Data under study =
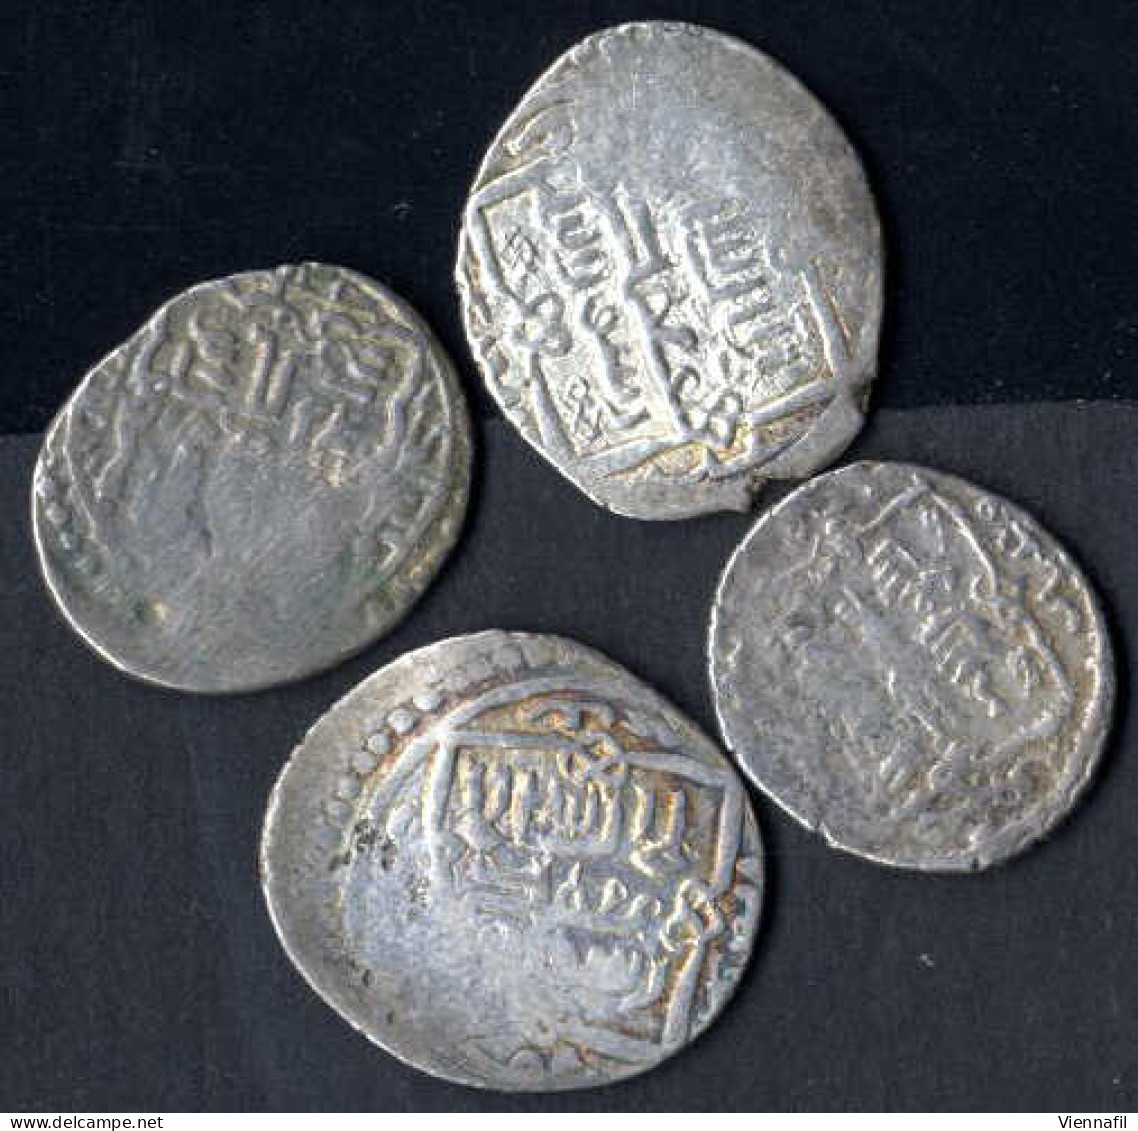 Sülaiman Khan, 740-744AH 1339-1343, Doppeldirham Silber, 741-744 Hisn, BMC Typ 319 332ff, Schön - Sehr Schön, 14 Stück - Islamische Münzen
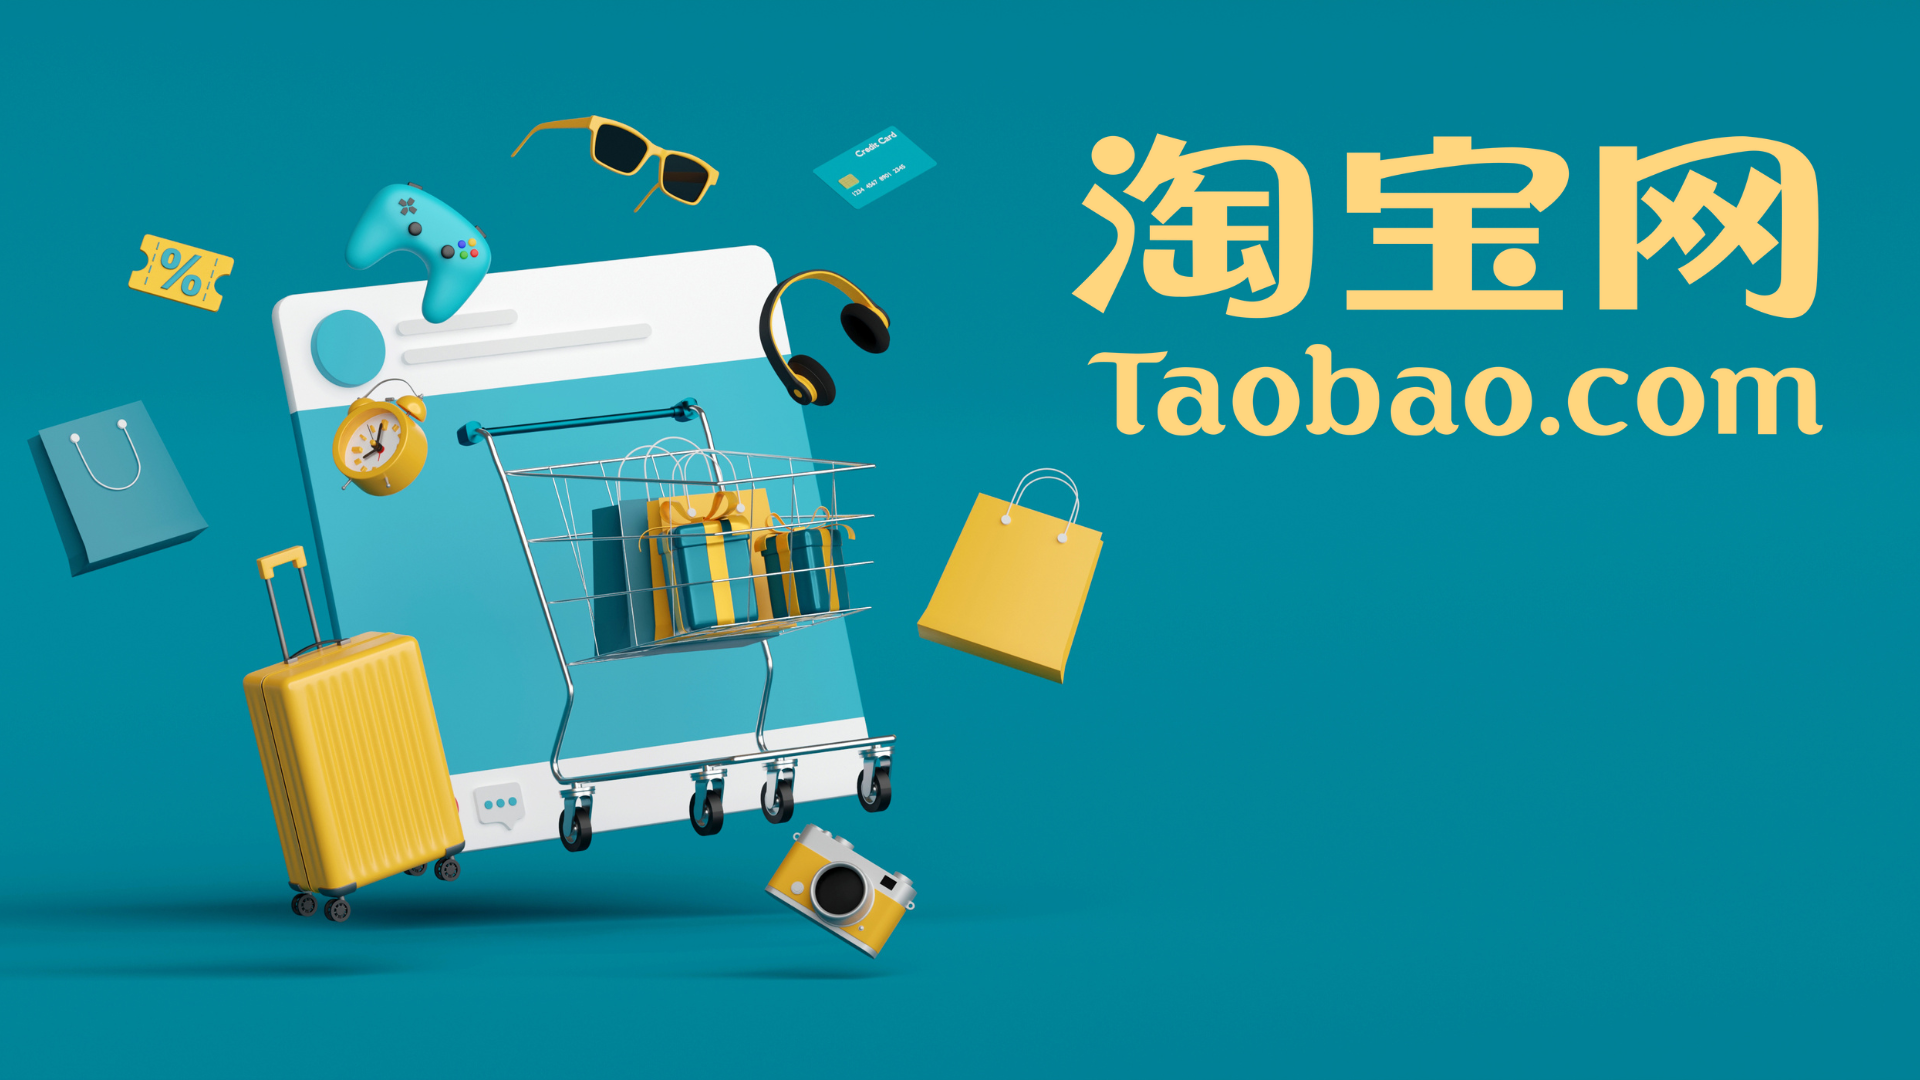 3 cách theo dõi shop trên Taobao siêu đơn giản
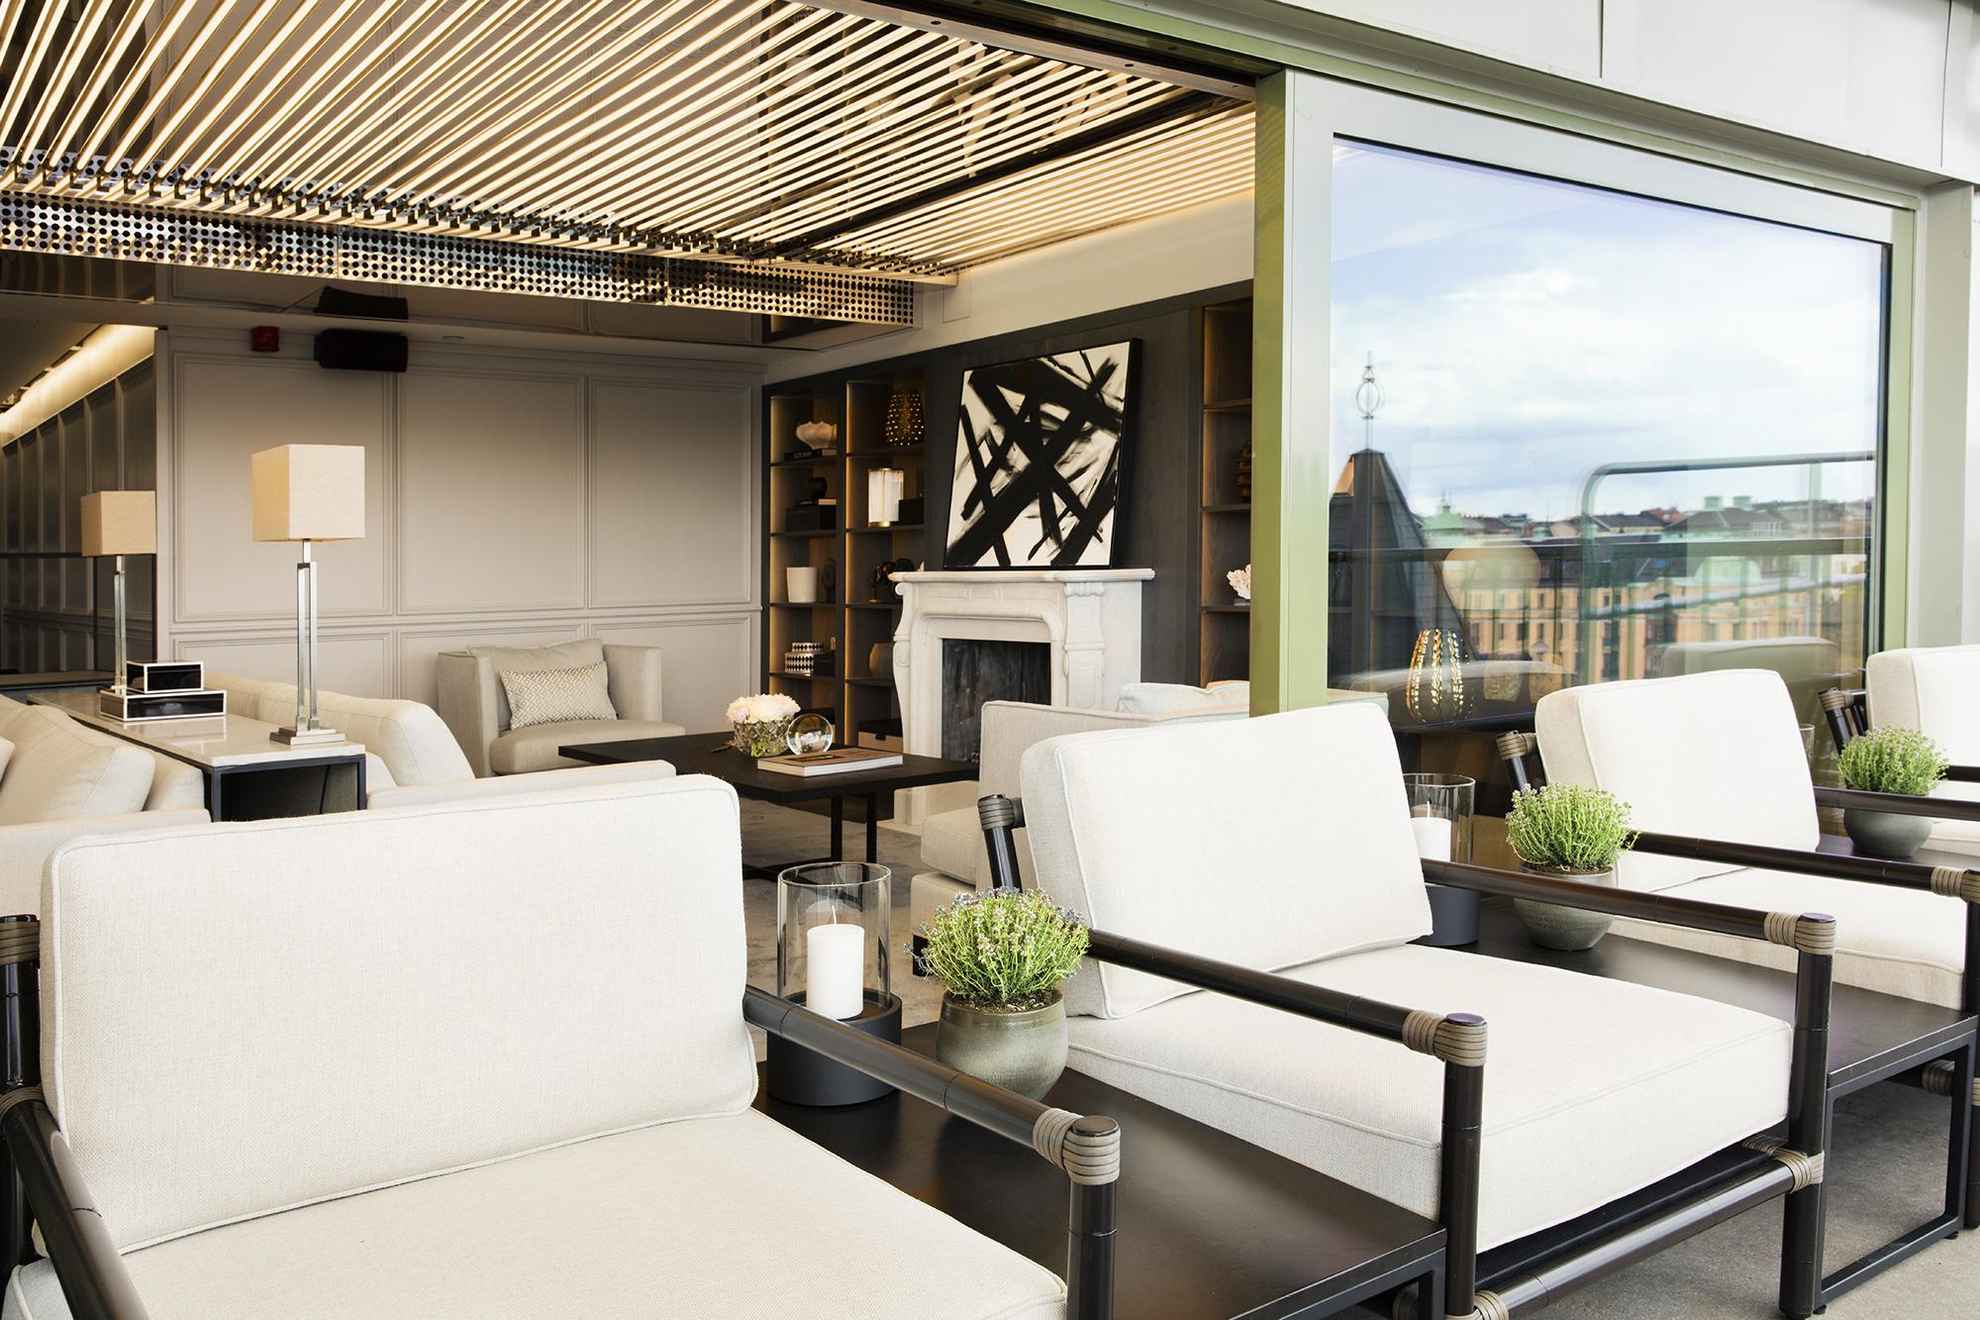 La terrasse du bar Le Hibou avec des meubles d'extérieur recouverts de coussins blancs.
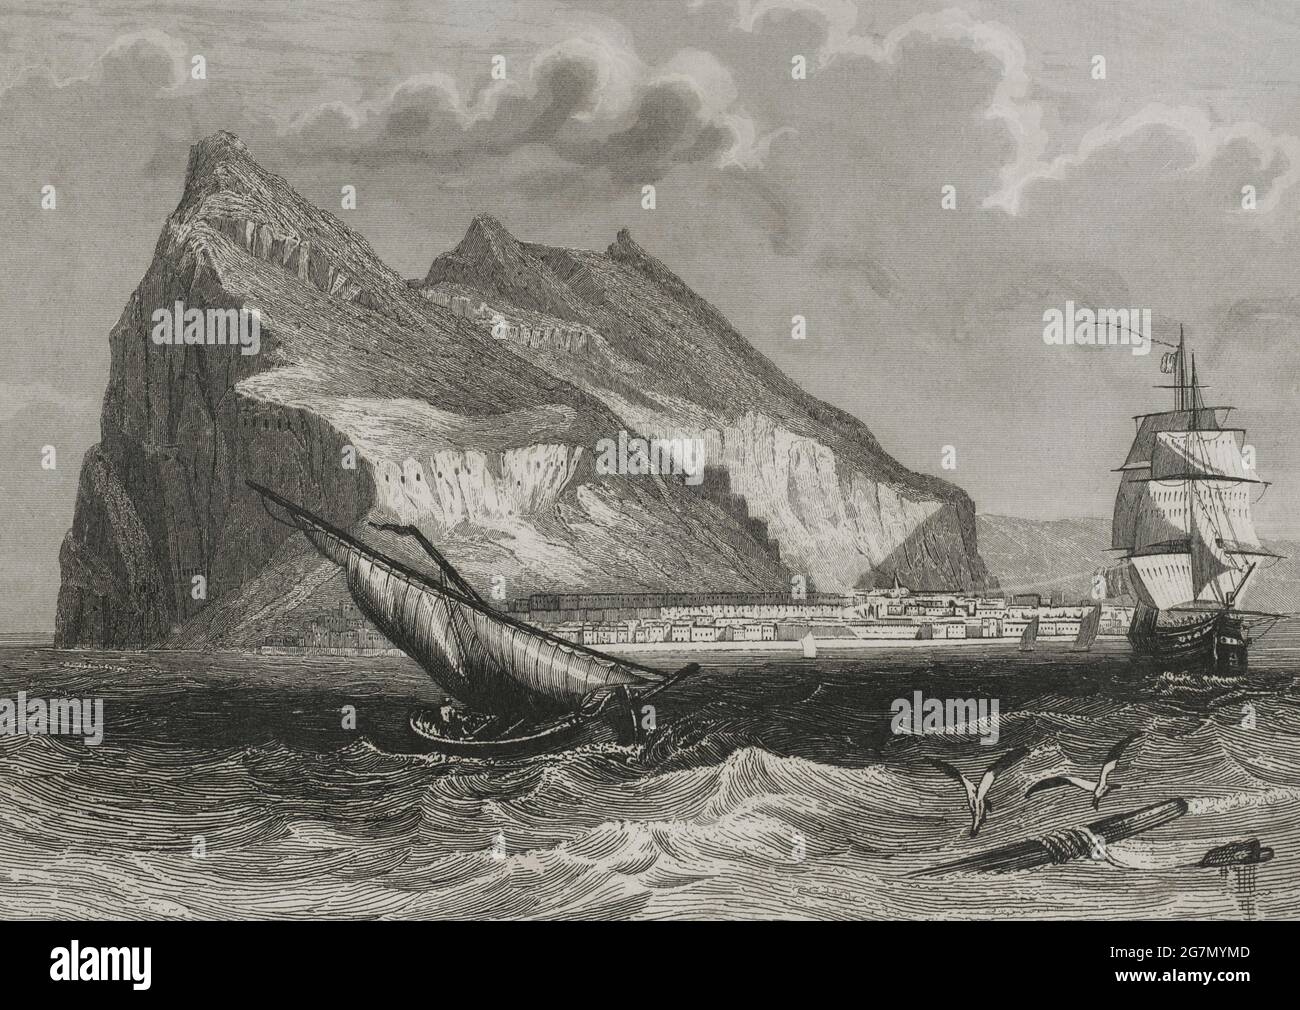 Gibilterra. Vista generale. Incisione di Antonio Roca Sallent. Las Glorias Nacionales, 1853. Autore: Antonio Roca Sallent (1813-1864). Incisore spagnolo. Foto Stock
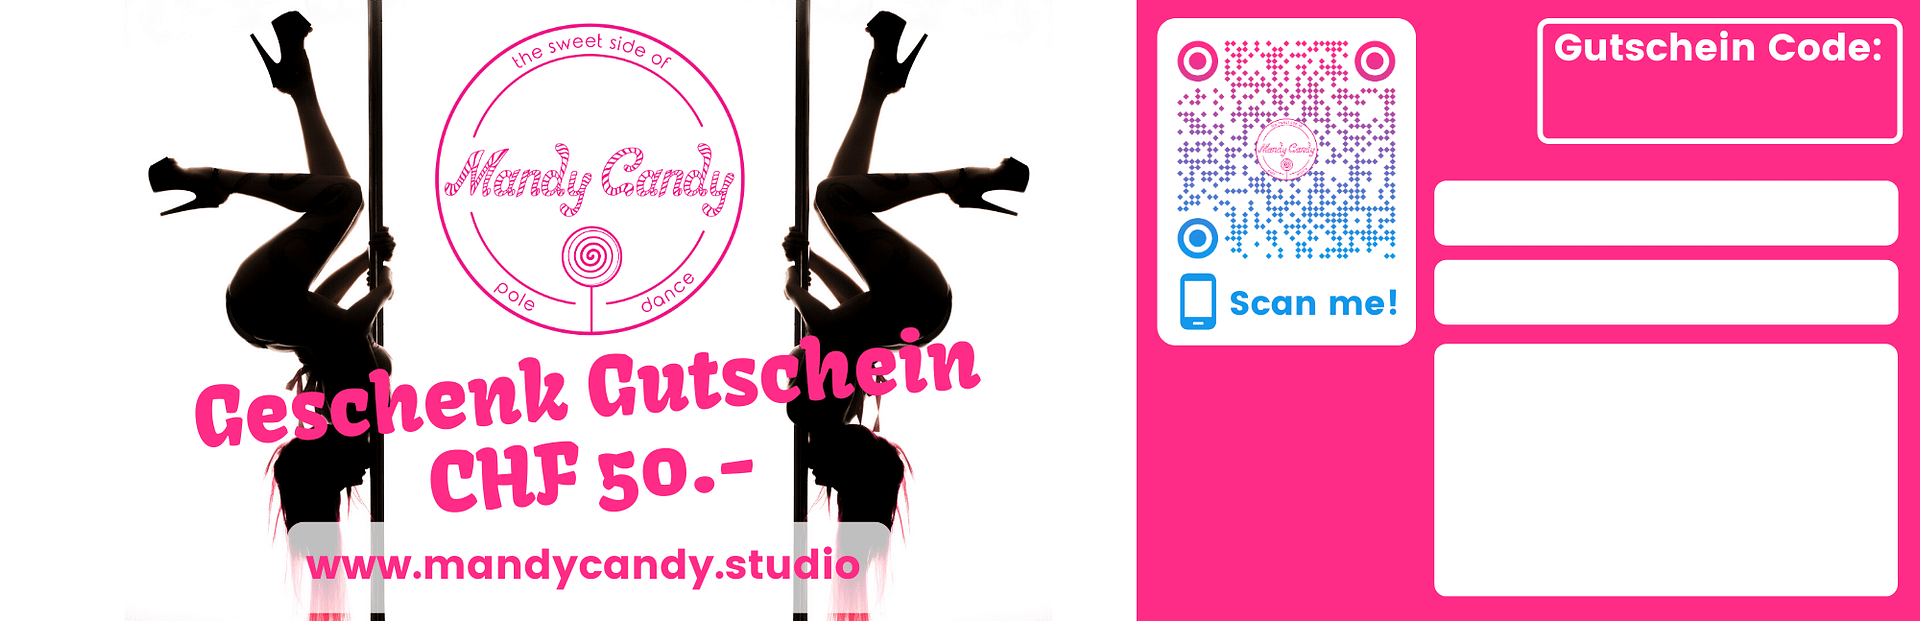 Geschenk Gutscheine
Mandy Candy's Pole Dance Studio

Problem = Begin at the line containing "Geschenk Gutscheine" and extract every line through the end of the records, inclusive, exactly and only; omit pictures.

Your response =
 Geschenk Gutscheine
Mandy Candy's Pole Dance Studio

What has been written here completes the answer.